What to produce
Where the lines below hold images, skip those and copy every word exactly.

Exercise data
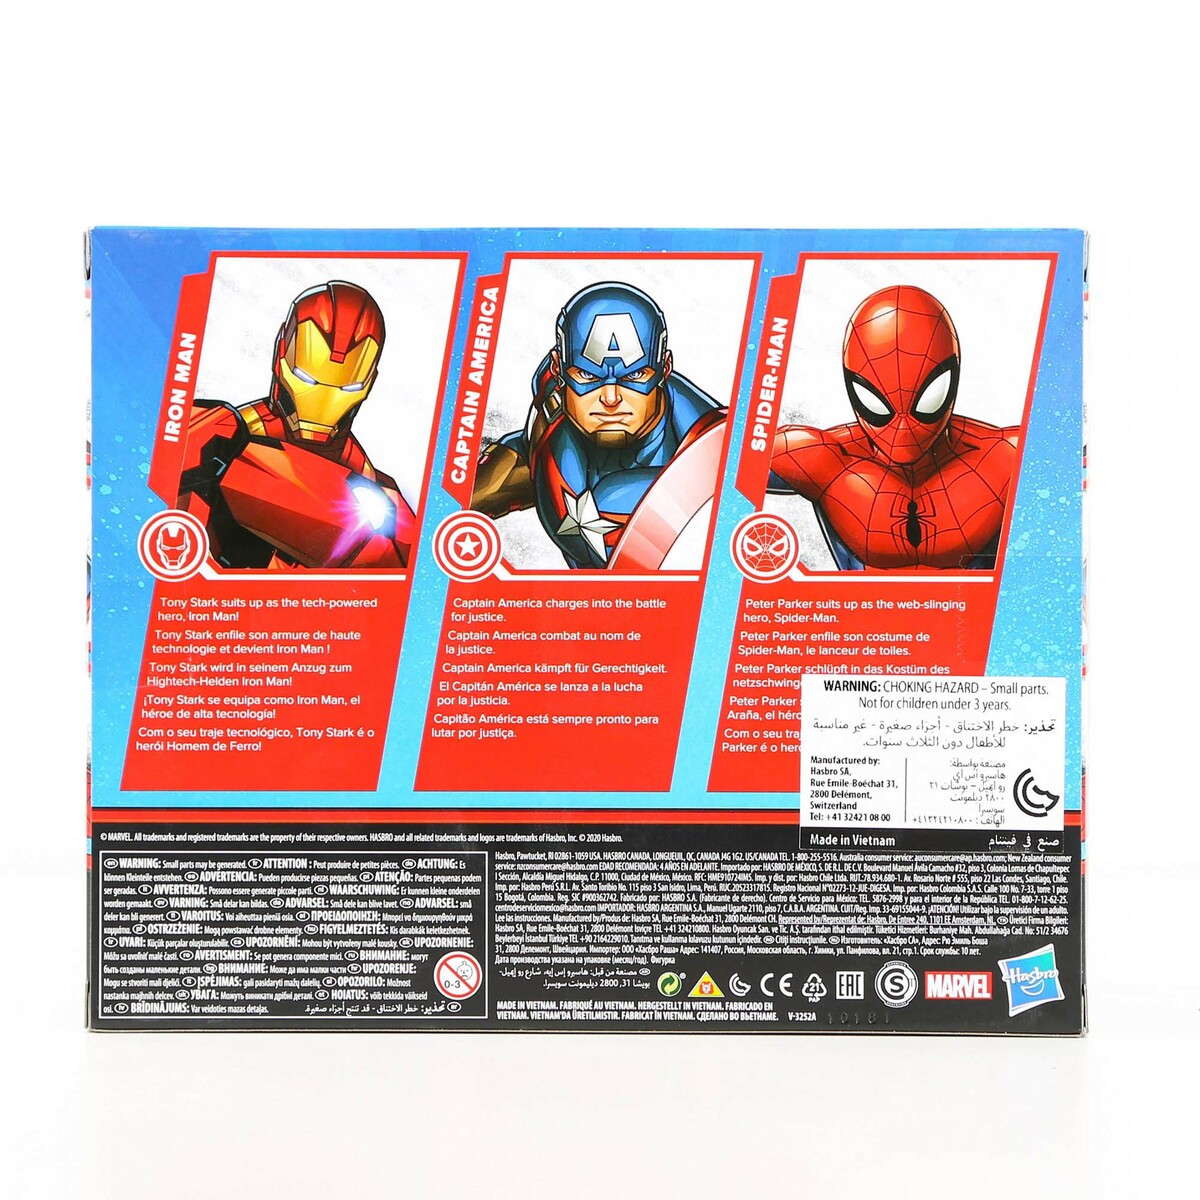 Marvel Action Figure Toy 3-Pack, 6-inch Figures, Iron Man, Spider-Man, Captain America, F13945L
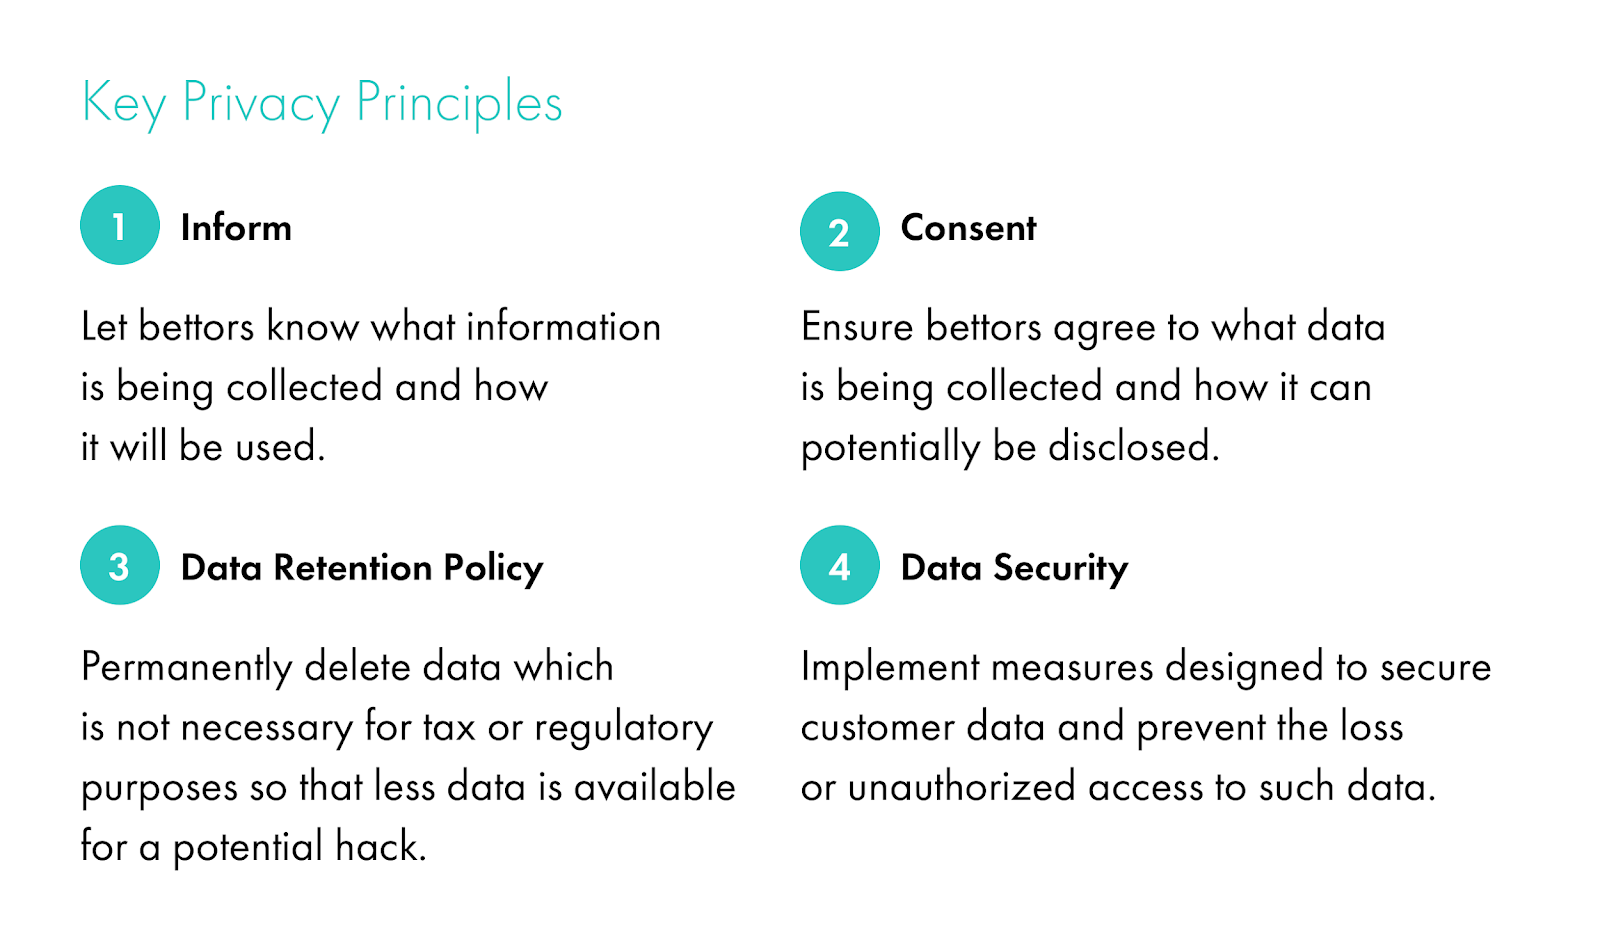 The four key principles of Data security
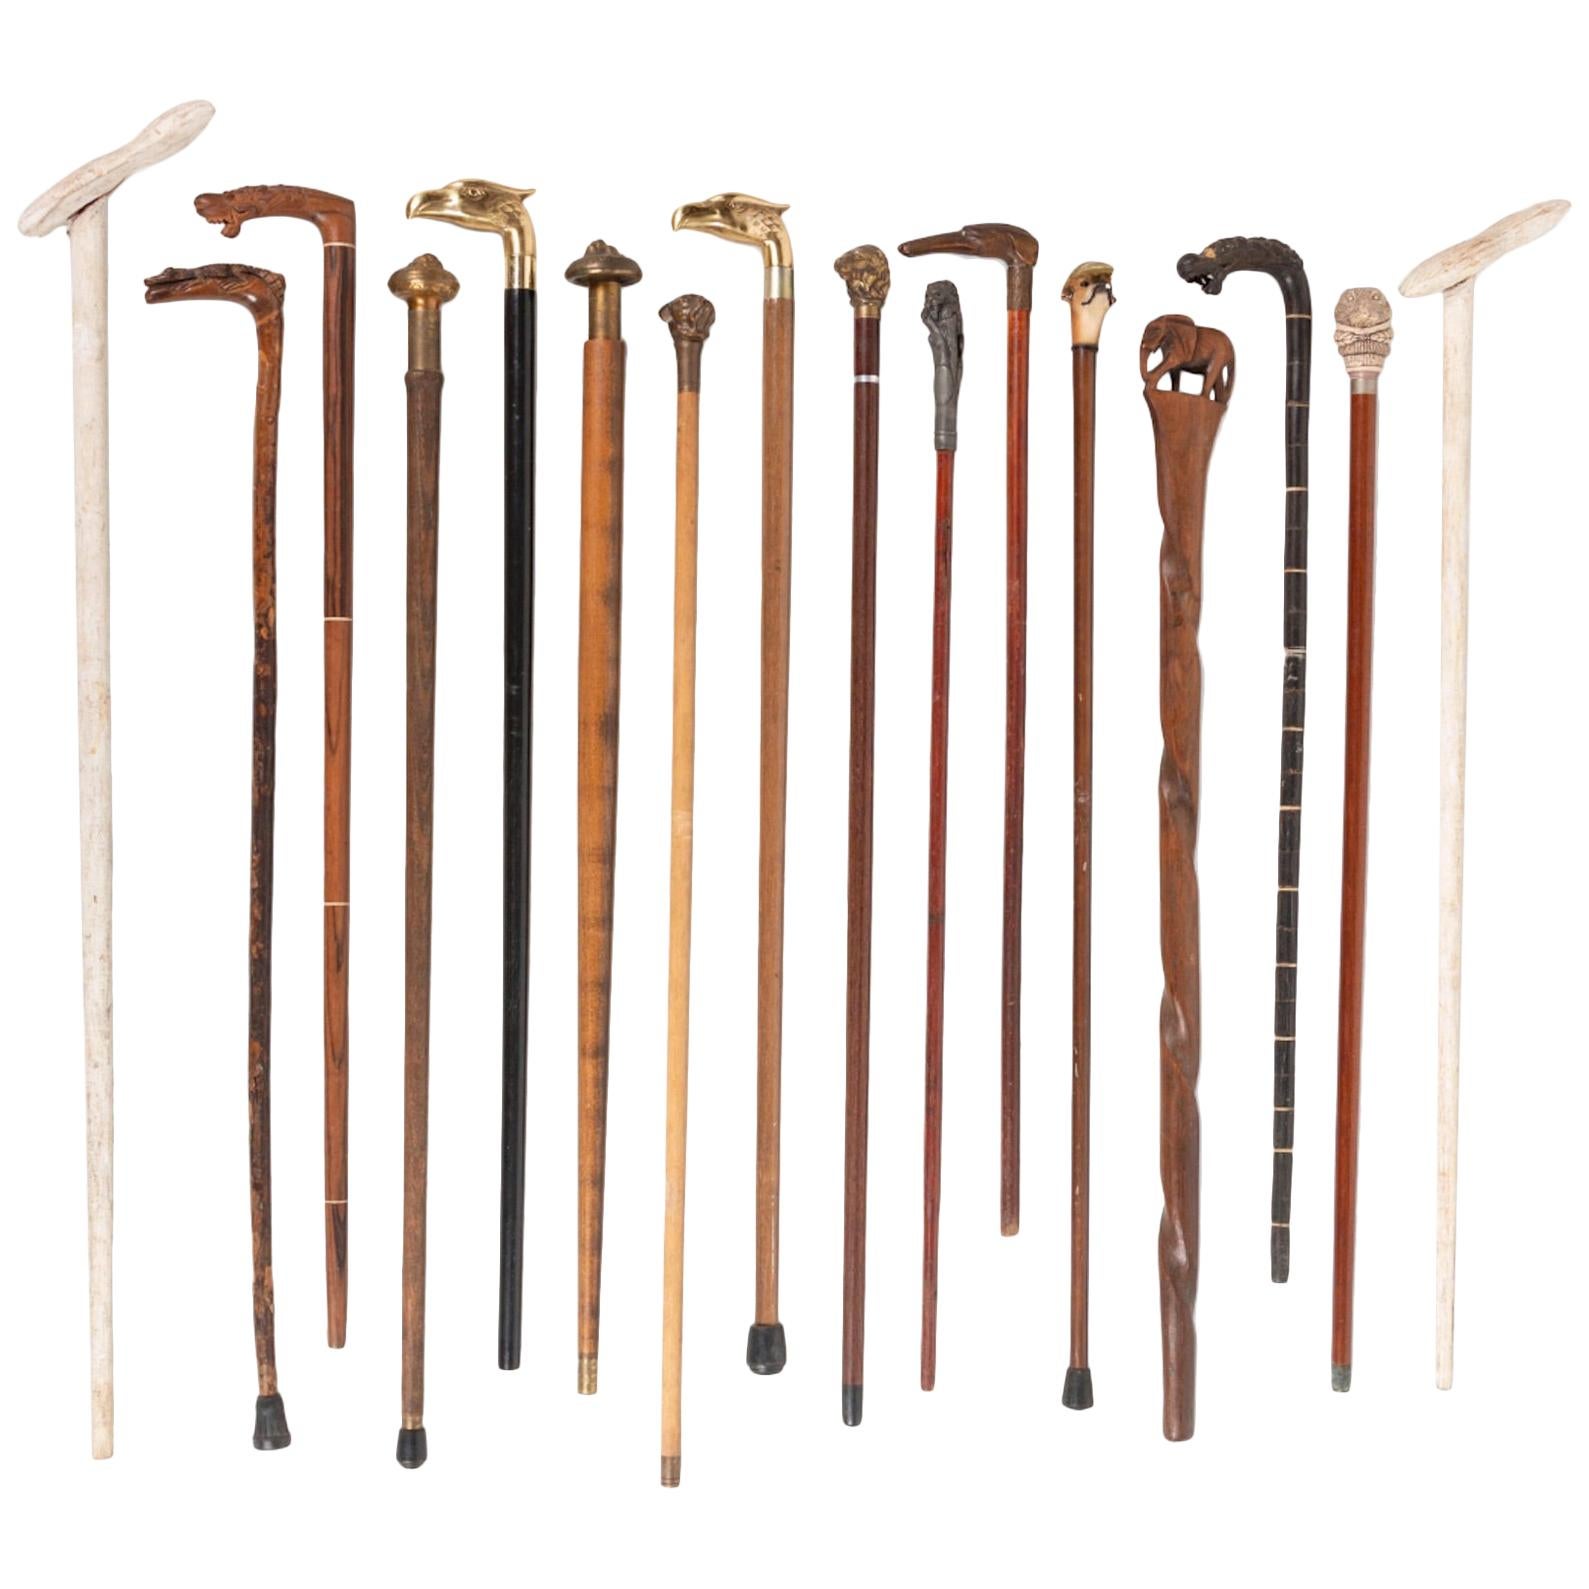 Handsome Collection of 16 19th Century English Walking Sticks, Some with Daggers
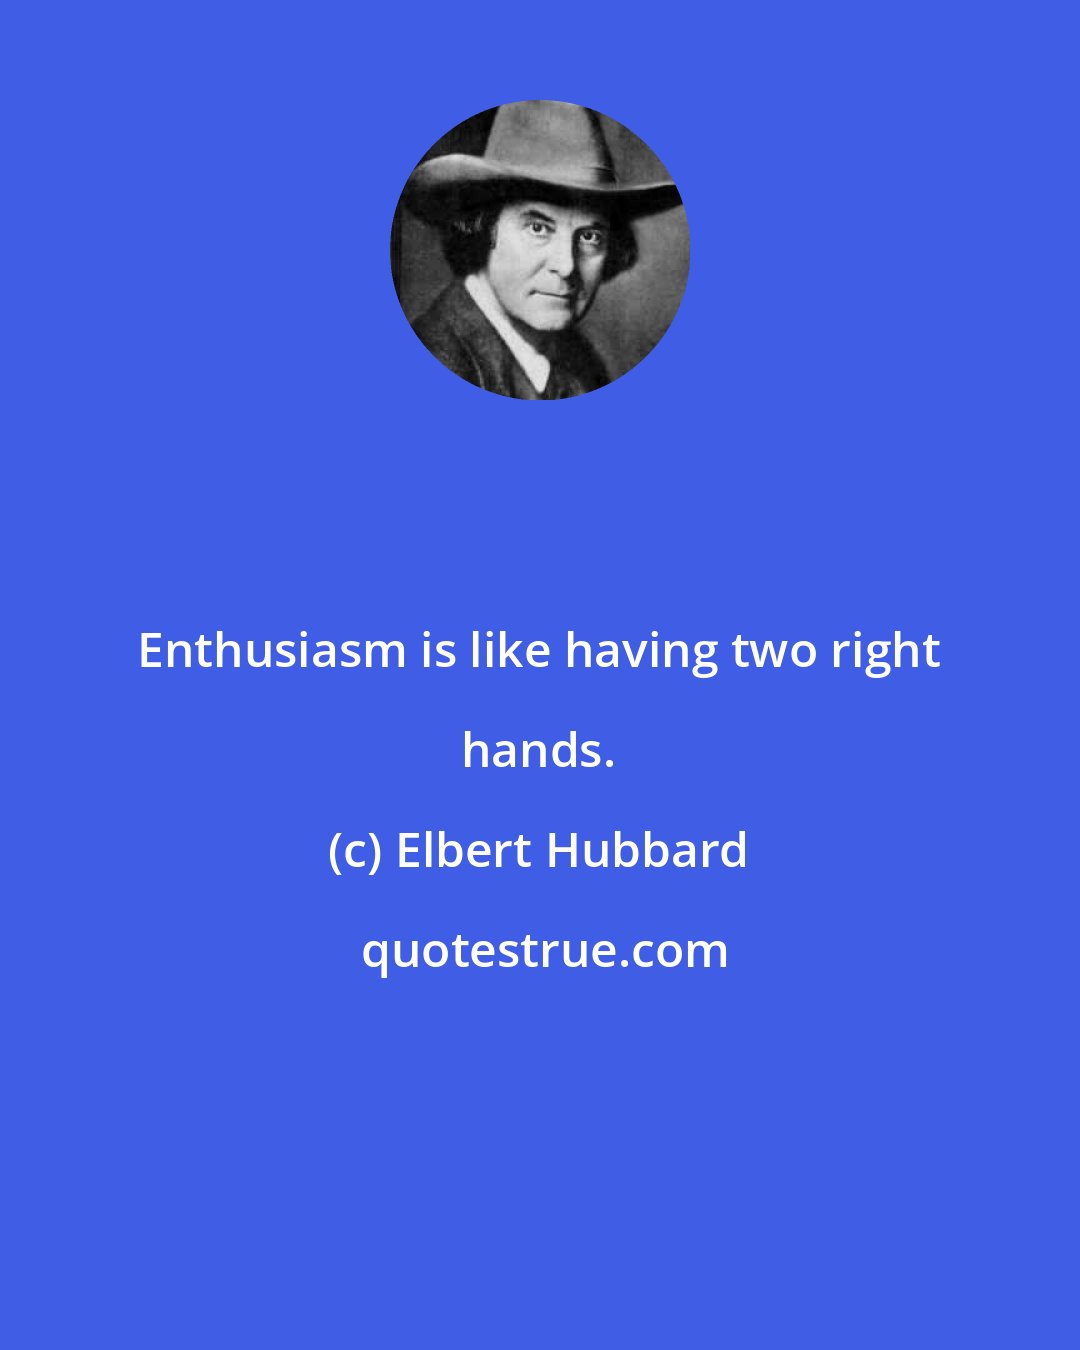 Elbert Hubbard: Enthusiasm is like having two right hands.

Reply
 Marvel Action Figure Toy 3-Pack, 6-inch Figures, Iron Man, Spider-Man, Captain America, F13945L
 The four key principles of Data security
 Handsome Collection of 16 19th Century English Walking Sticks, Some with Daggers
 Elbert Hubbard: Enthusiasm is like having two right hands.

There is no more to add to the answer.